Ach Meno was heute los bin Müde^^ schaff nur 65 Grad hatte mal mehr gehabt -.- aber 140 is echt der Hammer wie geht das den


----------



## Dark-Blood (15. Januar 2013)

Kiefer Sutherland schrieb:


> Ach Meno was heute los bin Müde^^ schaff nur 65 Grad hatte mal mehr gehabt -.- aber 140 is echt der Hammer wie geht das den


 
Ich schätz mal Übung, 
zu Schulzeiten hatte ich auch immer über 100 ^^ Aber als fauler Student ... XD


----------



## Kiefer Sutherland (15. Januar 2013)

*AW: Re: [Rangliste] Tippgeschwindigkeit (mit Test)*

Hey wie schaffen das manche Leute mit 2 Finger 65 Wörter mit ner Aldi Tastatur  ich hab ne G19 und schaff genauso viel bin aber voll aus der Übung  hab mich grad eben rangesetzt habs jez 5 mal Probiert jez bin ich bei 75 schon naja


----------



## IJOJOI (15. Januar 2013)

Ich bin enttäuscht Als ich damals in der Schule so ein Zertifakat gemacht habe, hatte ich nahezu die doppelten Anschläge
IJOJOI|62| Logitech S520|6-10|314|qwertz



			Dieser Inhalt steht nur eingeloggten Mitgliedern zur Verfügung.


----------



## Freakwood (15. Januar 2013)

Kiefer Sutherland schrieb:


> Ach Meno was heute los bin Müde^^ schaff nur 65 Grad hatte mal mehr gehabt -.- aber 140 is echt der Hammer wie geht das den


 
Ich hab 'ne Zeit lang als Redakteur auf diversen Internetportalen gearbeitet, möglicherweise rührt das daher. Um ehrlich zu sein habe Ich keine Ahnung - Ich hab im Prinzip einfach drauf losgeschrieben


----------



## Leandros (15. Januar 2013)

Freakwood schrieb:


> Ich hab 'ne Zeit lang als Redakteur auf diversen Internetportalen gearbeitet, möglicherweise rührt das daher. Um ehrlich zu sein habe Ich keine Ahnung - Ich hab im Prinzip einfach drauf losgeschrieben


 
140 ist aber echt total freakig. 
Ich bin vor der Umstellung auf Bone2 auf 130 gekommen und das war schon schnell imo.


----------



## HairforceOne (15. Januar 2013)

Razr255 | 98 | 0815-Cherry | 6 - 10 | 495 | qwertz

Ich könnte besser aber die Tastatur ist halt iwie noch Rotz. (Die hat wirklich keinen Namen...)
Bald gibts aber was mechanisches. Als Hobby-Autor wird das wohl sein müssen. 

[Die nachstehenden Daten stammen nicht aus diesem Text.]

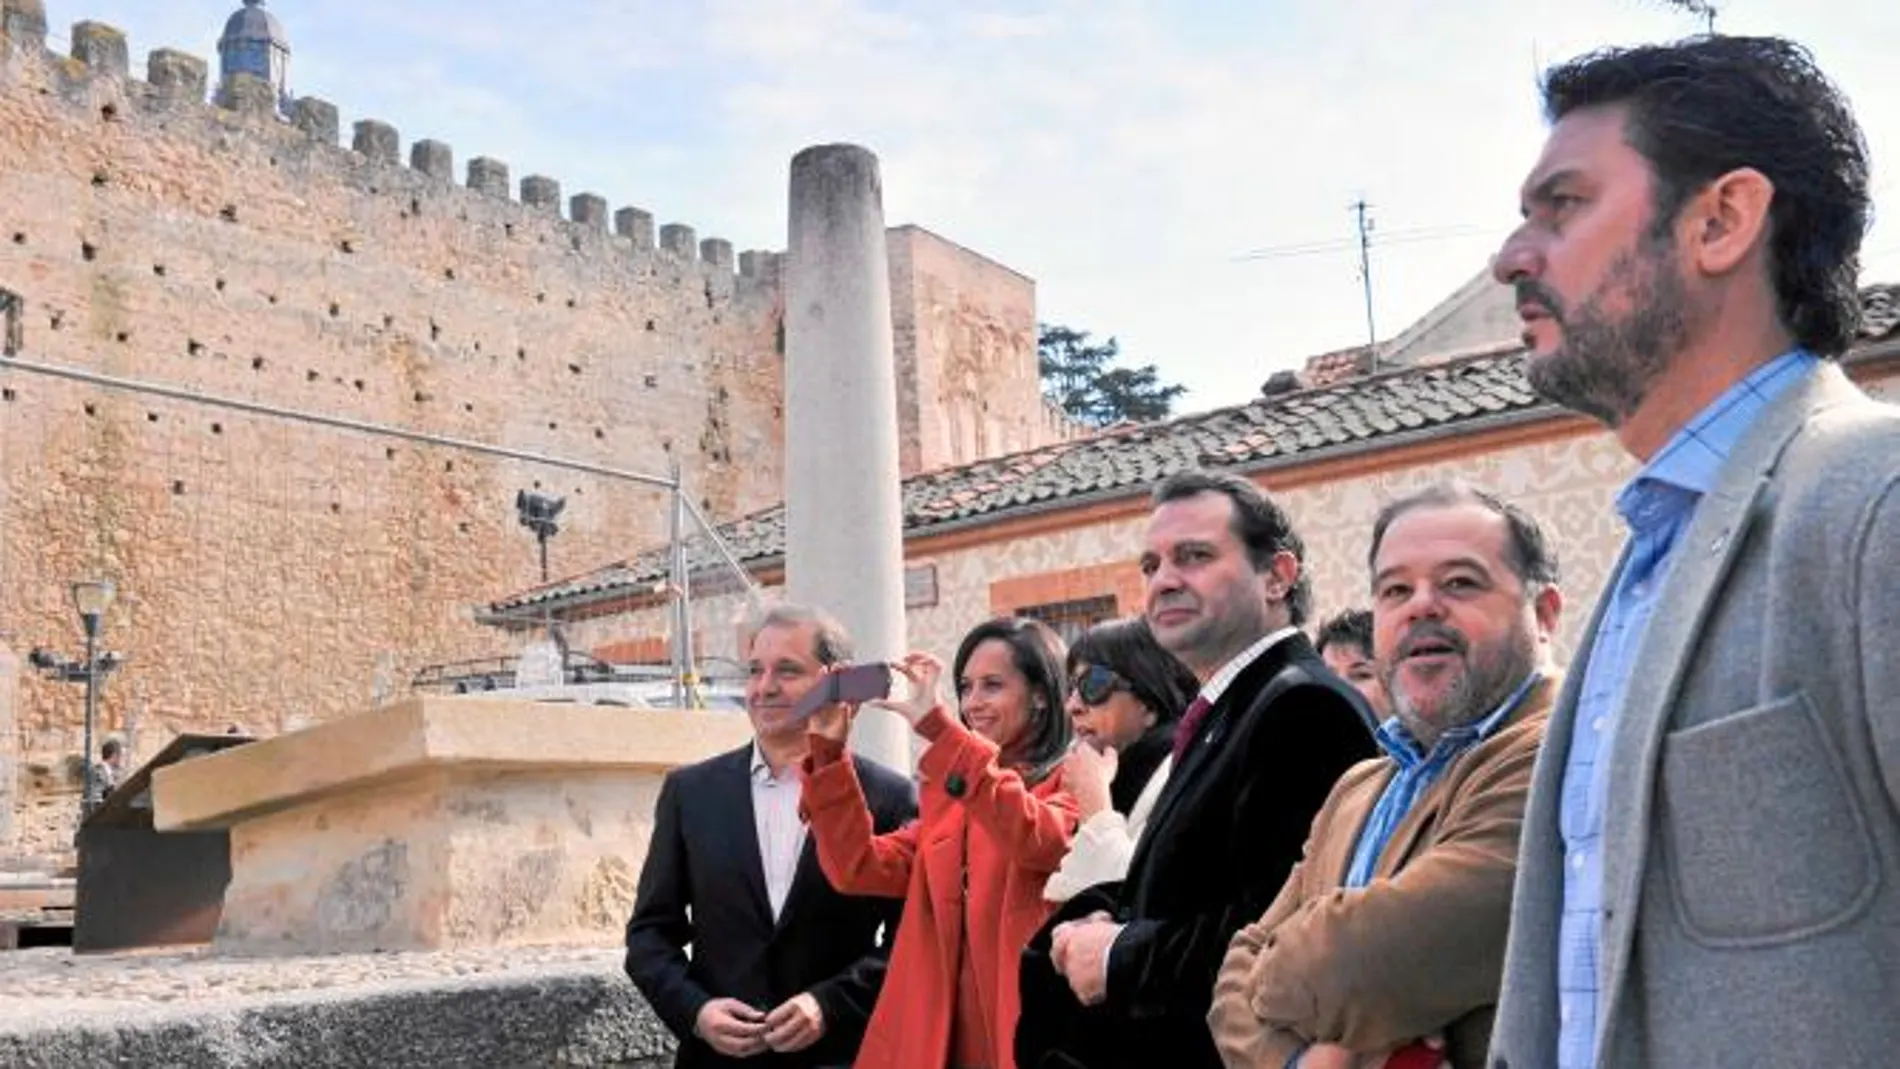 La secretaria de Estado de Vivienda, Beatriz Corredor, visita Segovia junto a Arahuetes y Vázquez, entre otros

EDIT: **** den Screenshot vergessen x_X


----------



## Andy_Berry (15. Januar 2013)

Ahh - Das macht total süchtig. :o

Die fortgeschrittene Variante ist auch super. Komme auf 99 WPM, aber diese ganzen ungeordneten Wörter und gleichzeitig zT völlig unlogischen Großschreibungen sind echt fies. 
http://10fastfingers.com/speedtests/generate_screenshot_result/99_502_0_0_69_1_100_1_173


----------



## kc1992 (15. Januar 2013)

Joa das lief doch ganz gut 

kc1992 | 119 | MacBook Pro 13" | 10 | 601 | qwertz



			Dieser Inhalt steht nur eingeloggten Mitgliedern zur Verfügung.


----------



## NetXSR (15. Januar 2013)

Kiefer Sutherland schrieb:


> Ach Meno was heute los bin Müde^^ schaff nur 65 Grad hatte mal mehr gehabt -.- aber 140 is echt der Hammer wie geht das den


 
Geilster. Nickname. Ever. I like.


----------



## Superwip (15. Januar 2013)

Wie ich schon im alten Thread geschrieben habe hier etwas Kritik:

-Beim sogenannten "10 Finger System" nutzt man tatsächlich nur 8 bzw. 9 Finger (_beide_ Daumen sind _nur_ auf der Leertaste), lediglich mit einigen Ergotastaturen kann man wirklich mit 10 Figern schreiben. Jeder der >=8 Finger geschrieben hat nutzt also in Wahrheit wohl das 10 Finger System, die Tabelle sollte eventuell entsprechend korrigiert werden.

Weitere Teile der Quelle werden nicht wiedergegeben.